Beyond adoption metrics, the research process itself had a lasting team impact. Sharing insights continuously — rather than in a single final report — established a habit of evidence-based product decision-making that extended beyond my engagement. The RICE workshop format was adopted by the product team for future prioritization sessions.

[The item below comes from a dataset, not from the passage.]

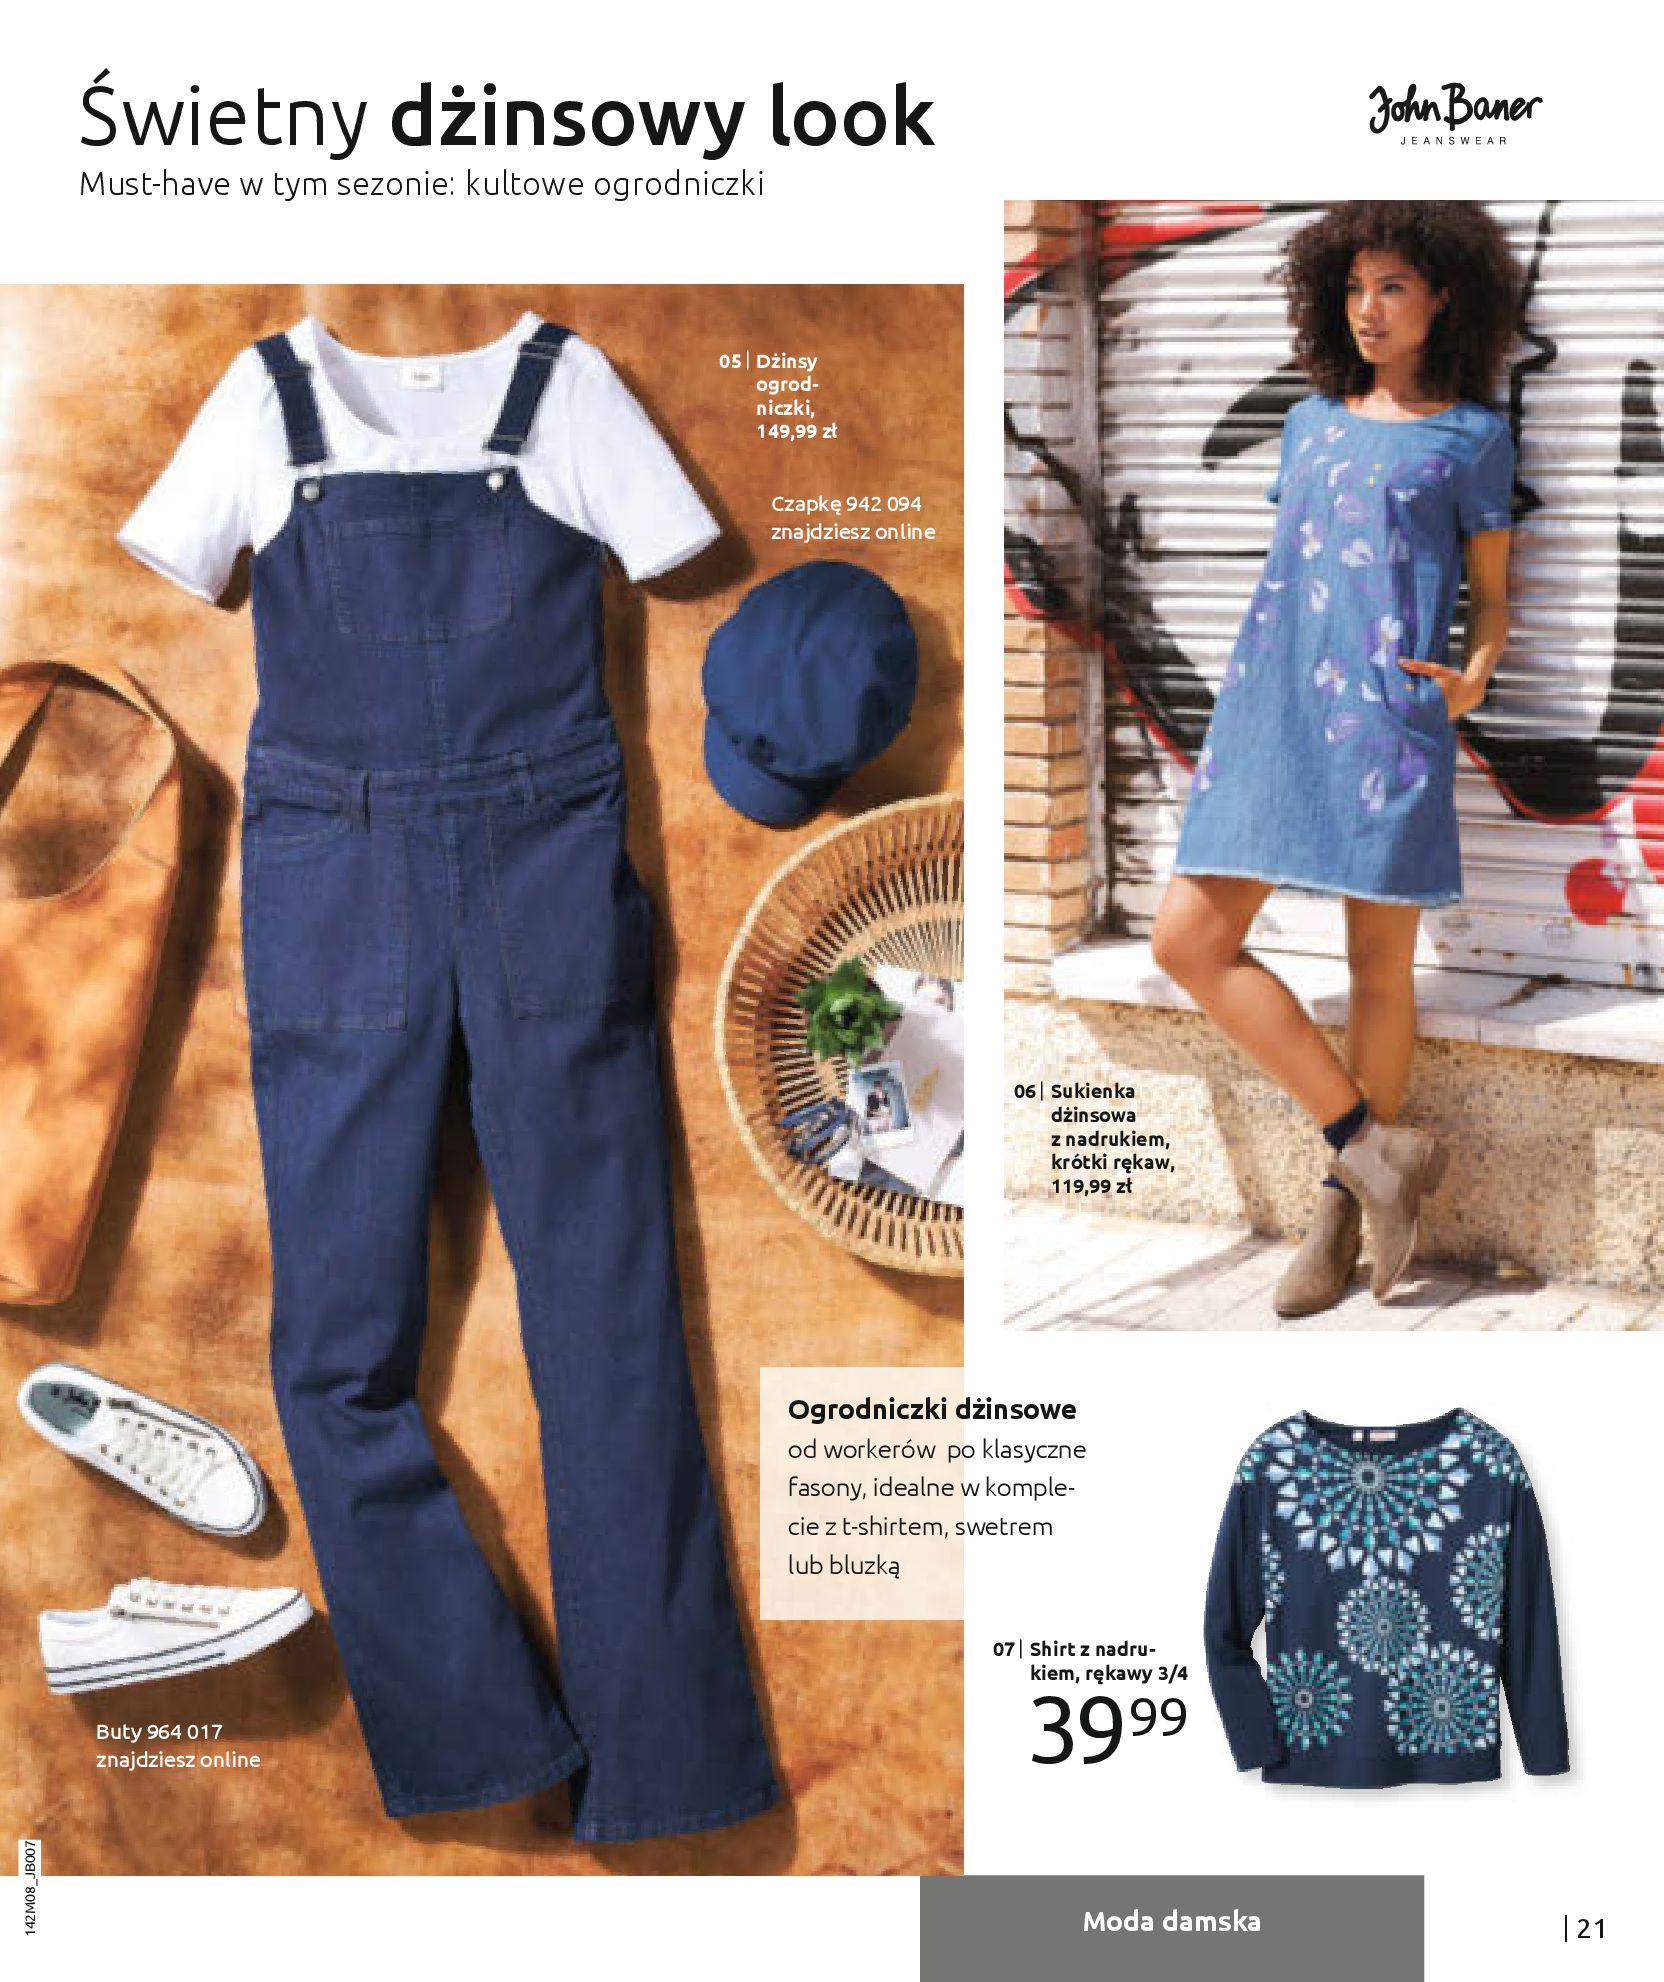 Gazetka Bonprix - Hity dżinsowej mody!-25.08.2020-10.02.2021-page-23

A note on attribution: As a contract researcher, I don't own implementation outcomes — those belong to the internal team who built and shipped the changes. What I can claim is the research that made those decisions possible: the evidence, the framing, and the prioritization logic that got four findings onto the roadmap within 90 days.
Section 08

Challenges

🧩
Recruiting enterprise participants
Partners were senior professionals managing large accounts — time-poor and skeptical of research invitations. I worked with the internal partner success team to co-recruit, framing sessions as feedback opportunities rather than evaluations. This produced a 78% acceptance rate.
⚖️
Legacy bias in interviews
Many partners defaulted to comparing the new platform unfavorably with tools they'd used for years. I addressed this by anchoring sessions around task completion rather than platform comparison — asking "show me how you do this today" rather than "what do you think of the new system."
📡
Incomplete telemetry instrumentation
The platform was early-stage and behavioral tracking was still being built out. Key workflows lacked event coverage. I worked with the analytics team to identify proxy signals, and used qualitative data to fill gaps — triangulating rather than depending on a single source.
Section 09

What I Would Do Differently

📓
Diary studies during migration
Our interview approach captured recalled experience rather than live frustration. A structured diary study over 2–3 weeks of active migration would have surfaced in-the-moment pain points — including the micro-decisions partners made when they hit a dead end. This would have given richer behavioral insight with lower coordination overhead than 50+ moderated sessions.
📊
Unmoderated usability testing at scale
The SUS benchmark established a baseline, but we lacked task-level completion rates. Running unmoderated sessions with 30–50 partners on specific workflows would have produced time-on-task metrics that strengthened the navigation prioritization case — the highest-scoring RICE item that was hardest to schedule for implementation.
🤝
Earlier stakeholder alignment
I started from a product brief that had already been internally approved. In hindsight, a brief alignment session before fieldwork would have surfaced competing assumptions across product, engineering, and customer success — particularly around what "adoption" actually meant to each team. That would have made findings land faster.
🌍
Regional research inclusion
Most participants were based in North America or Western Europe. Several patterns — particularly around financial reporting formats and regulatory alert language — likely manifested differently across regions. A deliberate APAC and LATAM sample would have informed whether proposed solutions needed localization.
Final Reflection
In enterprise platform migrations, the biggest challenge is rarely the interface itself. It is the disruption of established workflows. UX research in this context must go beyond usability heuristics — it needs to map how professionals actually do their work, and surface the moments where a new system breaks that rhythm.